* Exercise aim *
Please give the lines below again exactly as they stand, from the one that contains "Spiral Tree Card" up to and including the one that contains "Emoji moticons story", leaving all pictures out.

* Data under study *
━━━━
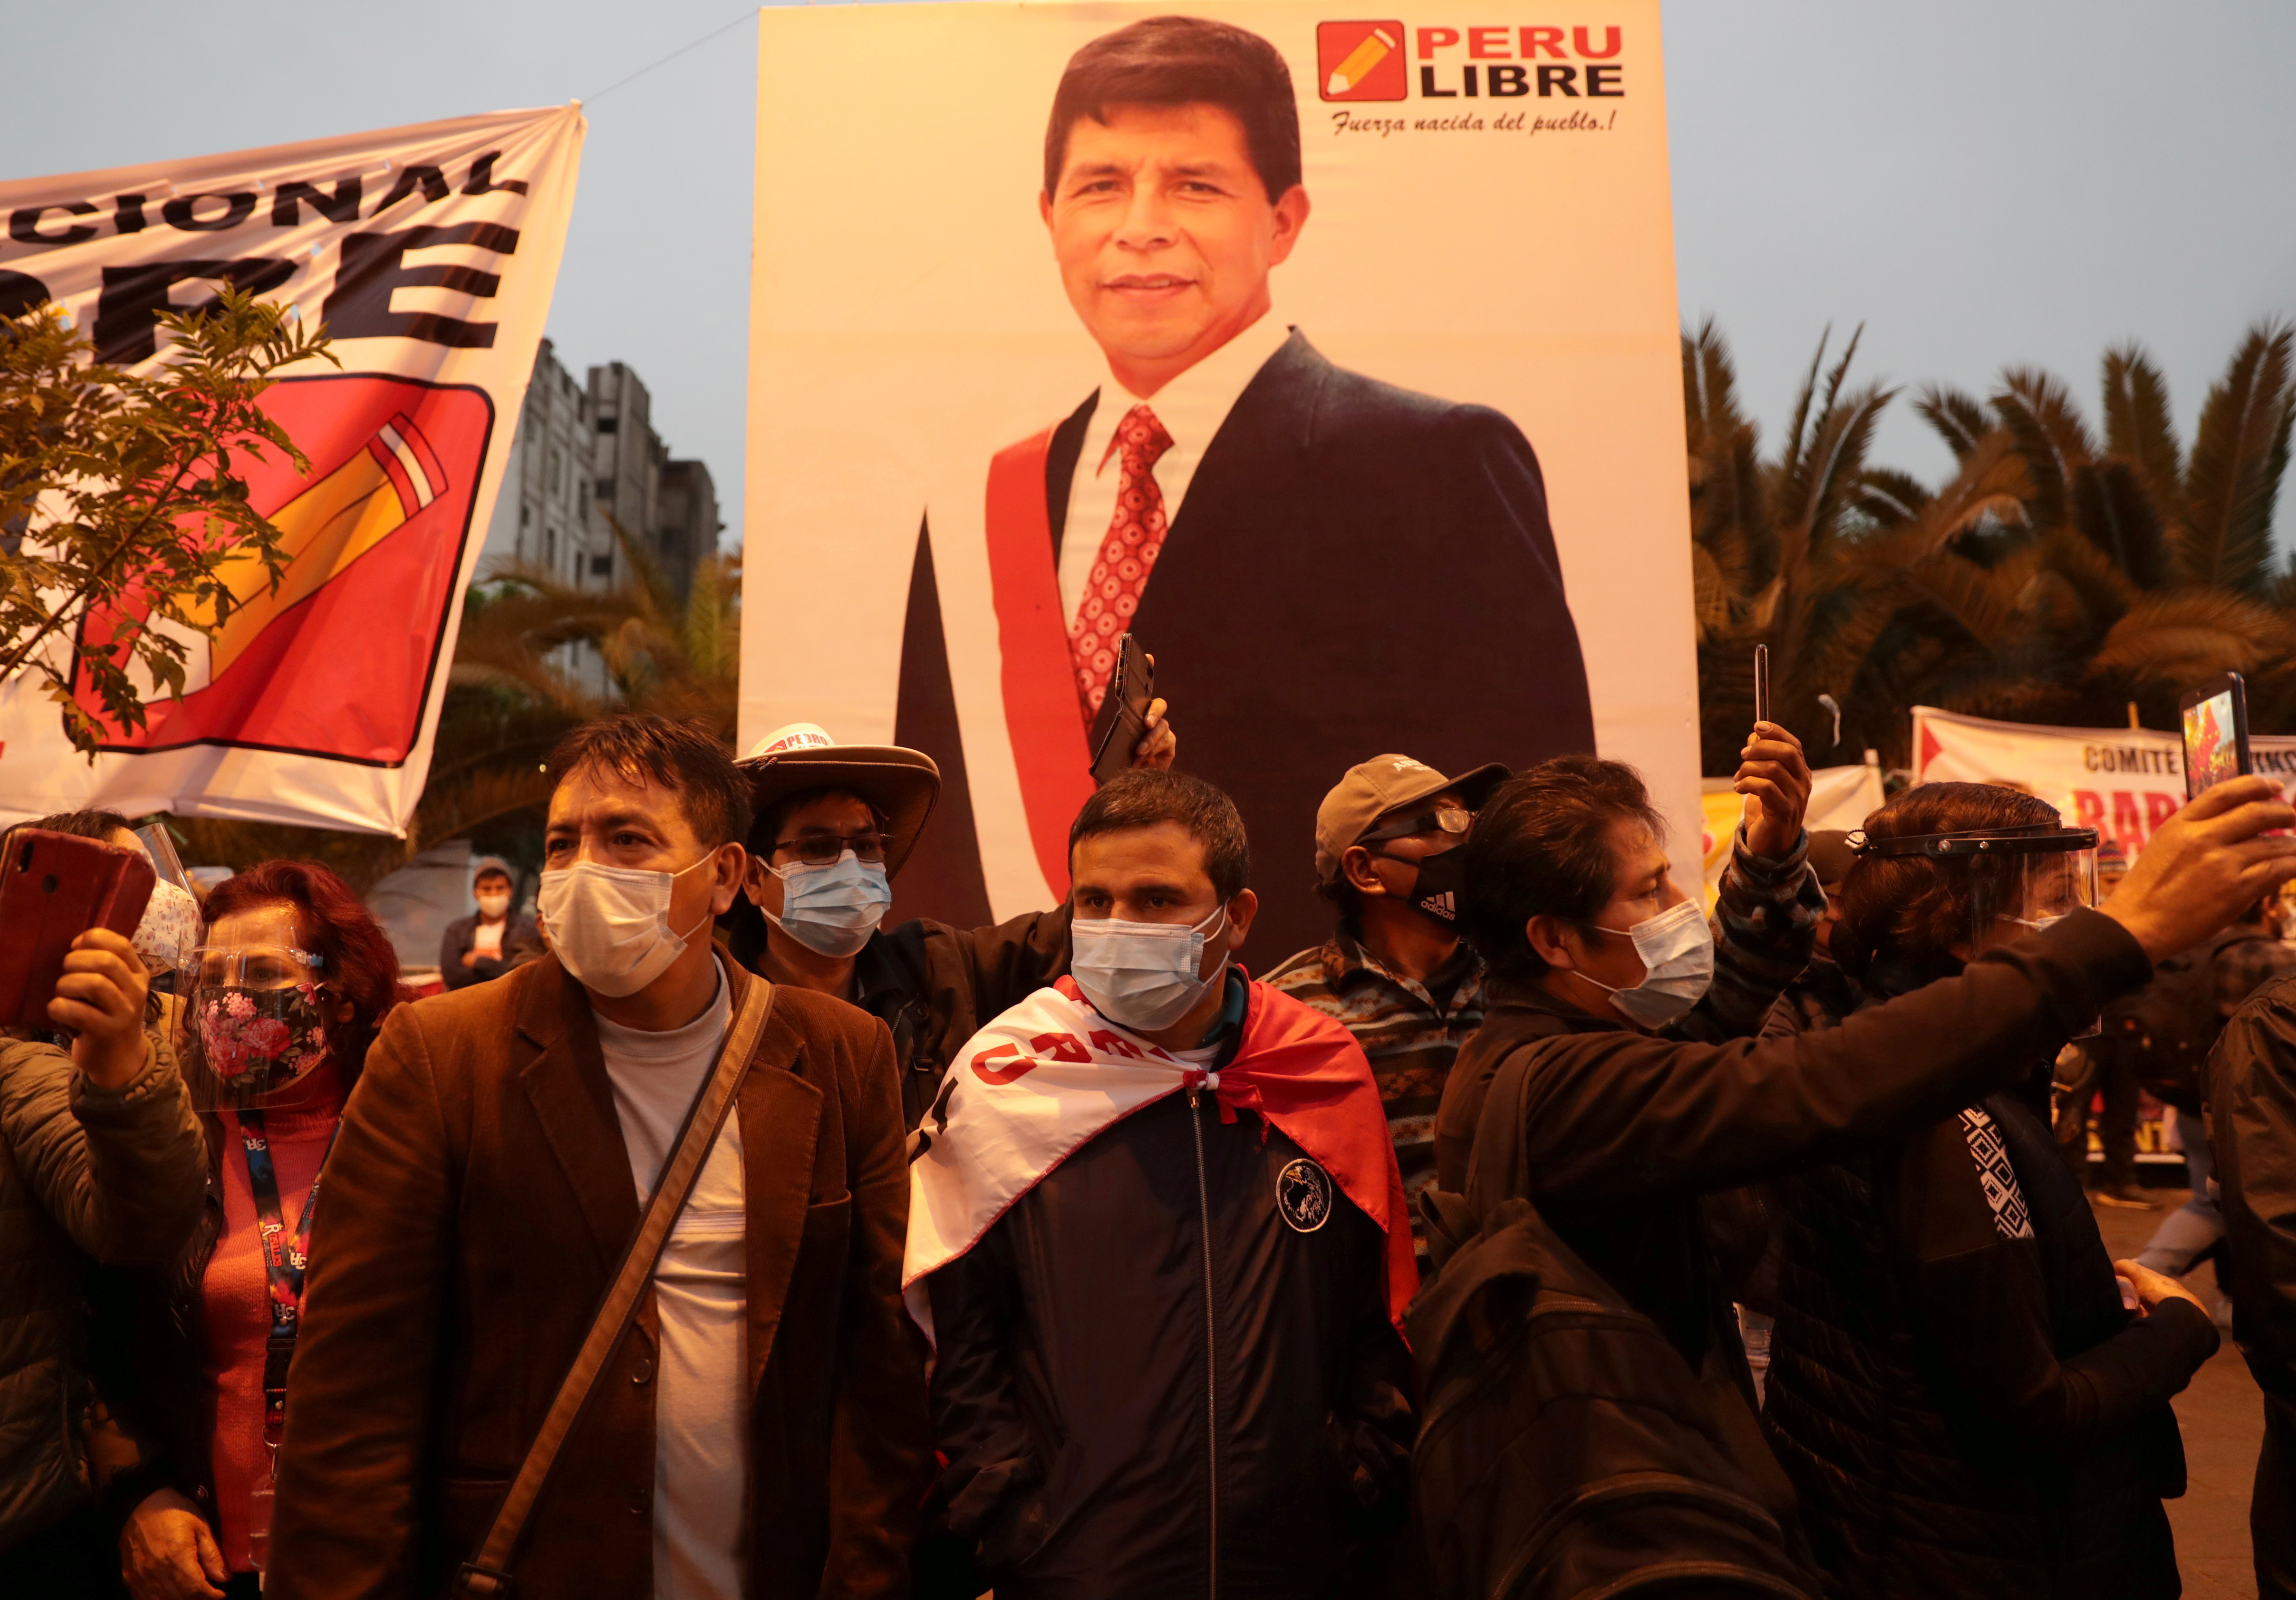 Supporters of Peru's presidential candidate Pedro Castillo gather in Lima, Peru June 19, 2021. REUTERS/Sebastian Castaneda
━━━━
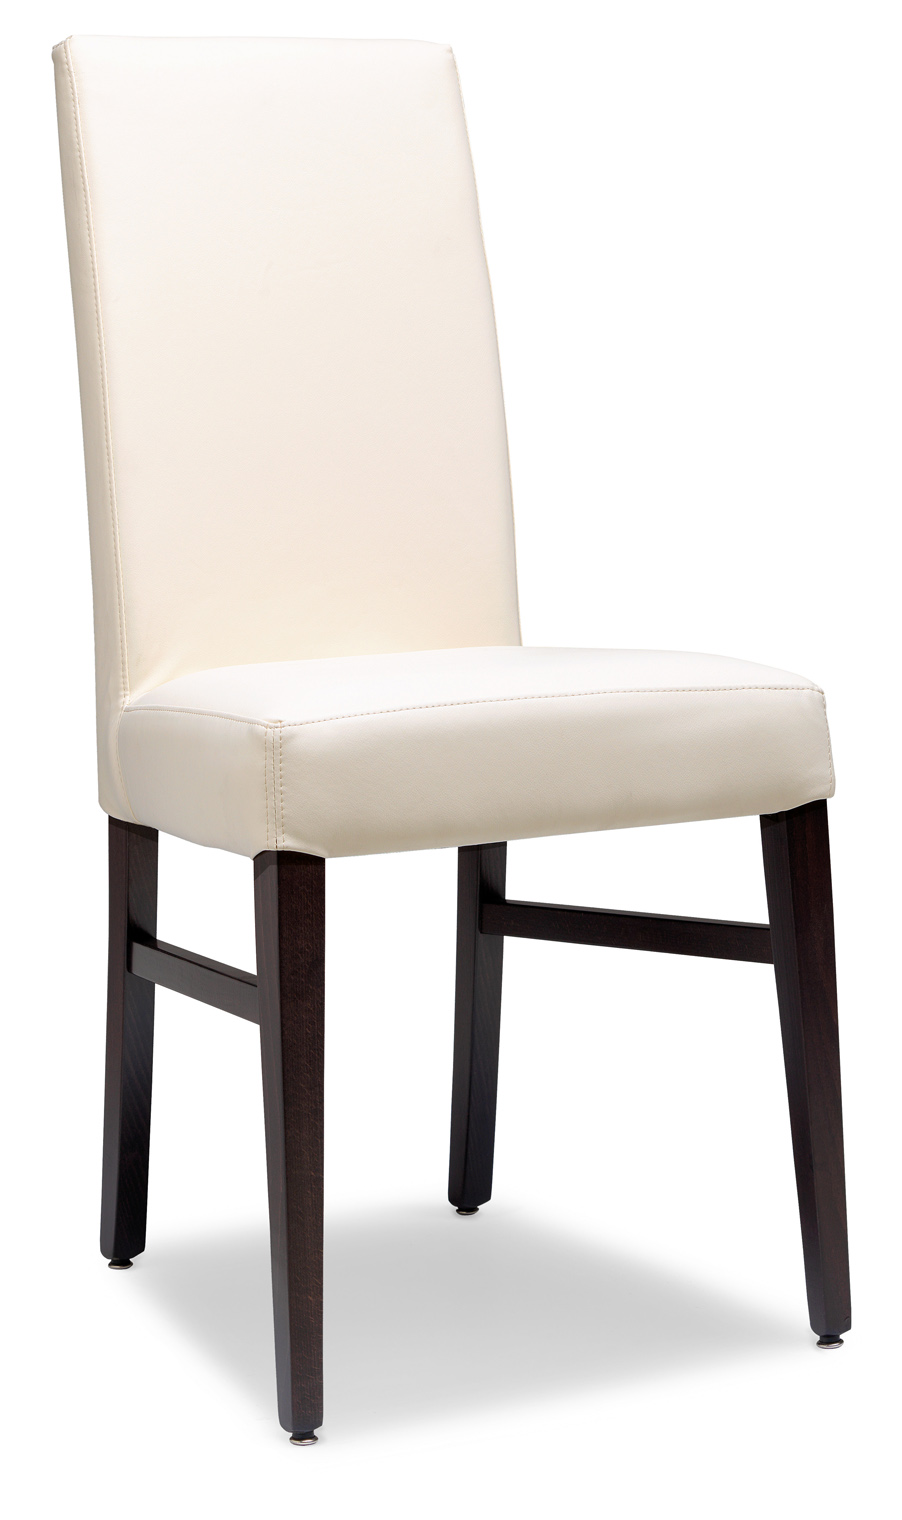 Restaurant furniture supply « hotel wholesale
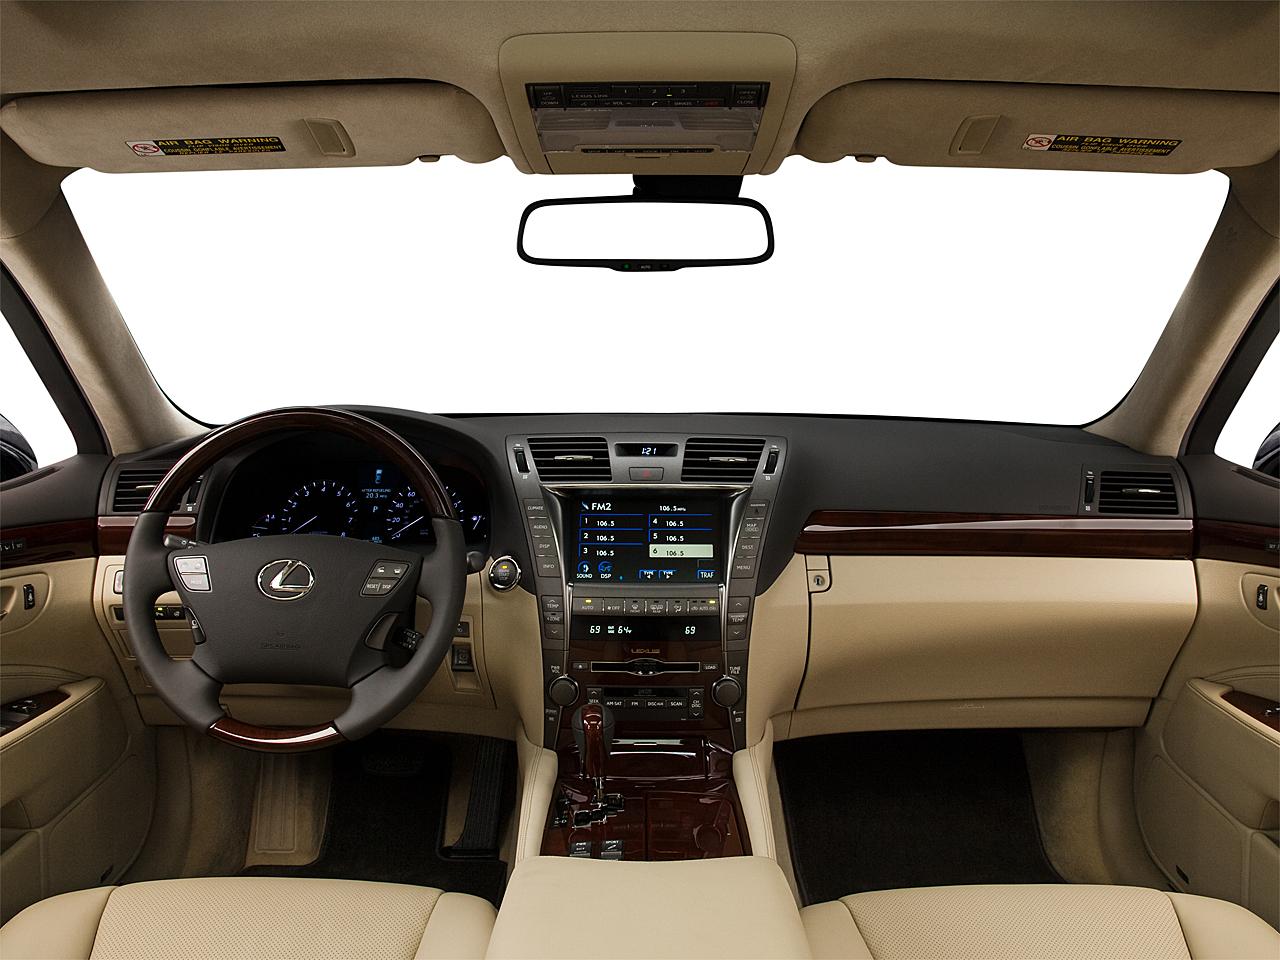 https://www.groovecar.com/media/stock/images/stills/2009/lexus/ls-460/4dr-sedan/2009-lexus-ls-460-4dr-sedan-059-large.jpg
━━━━
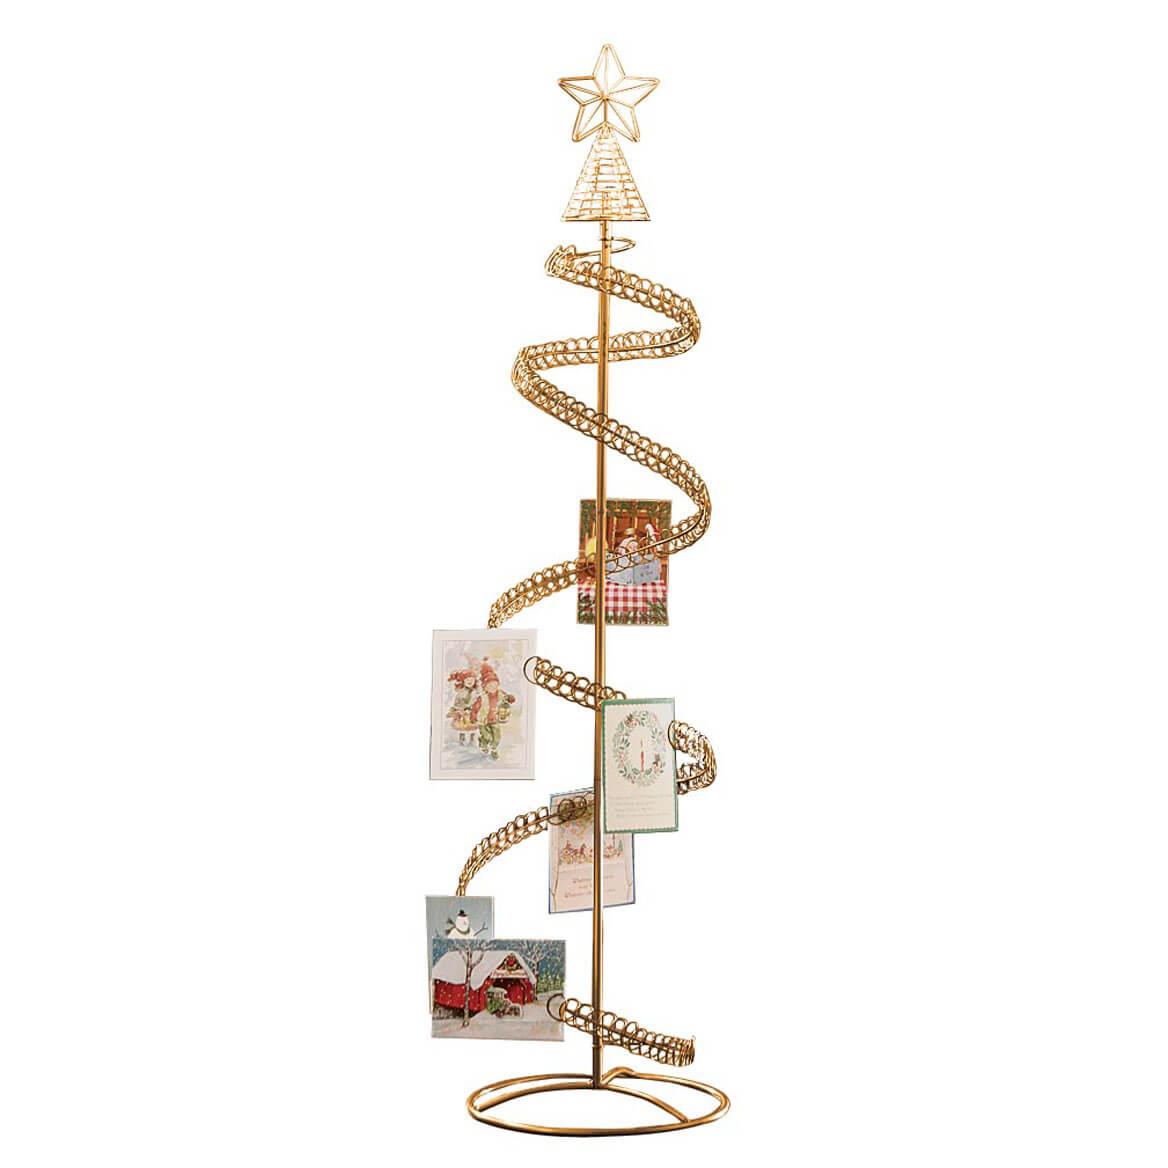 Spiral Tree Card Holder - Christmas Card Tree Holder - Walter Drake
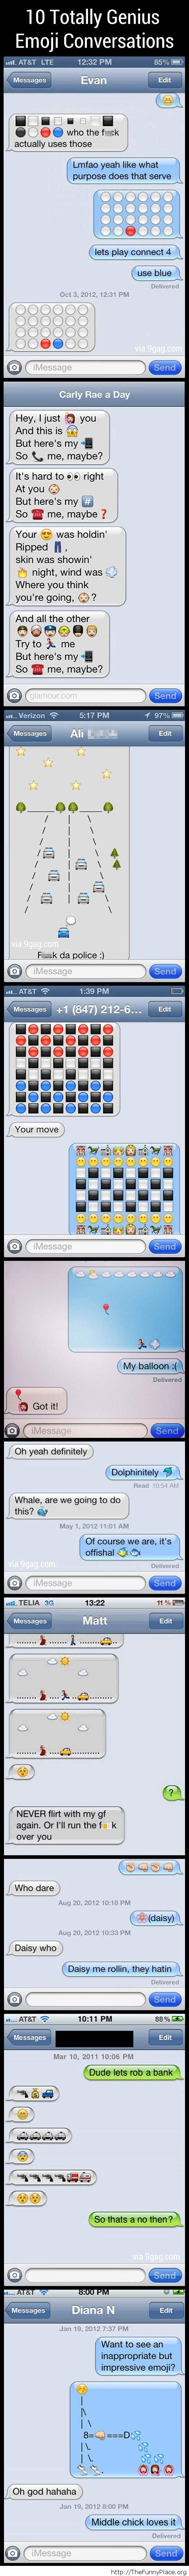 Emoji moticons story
━━━━
* Exercise answer *
 Spiral Tree Card Holder - Christmas Card Tree Holder - Walter Drake
 Emoji moticons story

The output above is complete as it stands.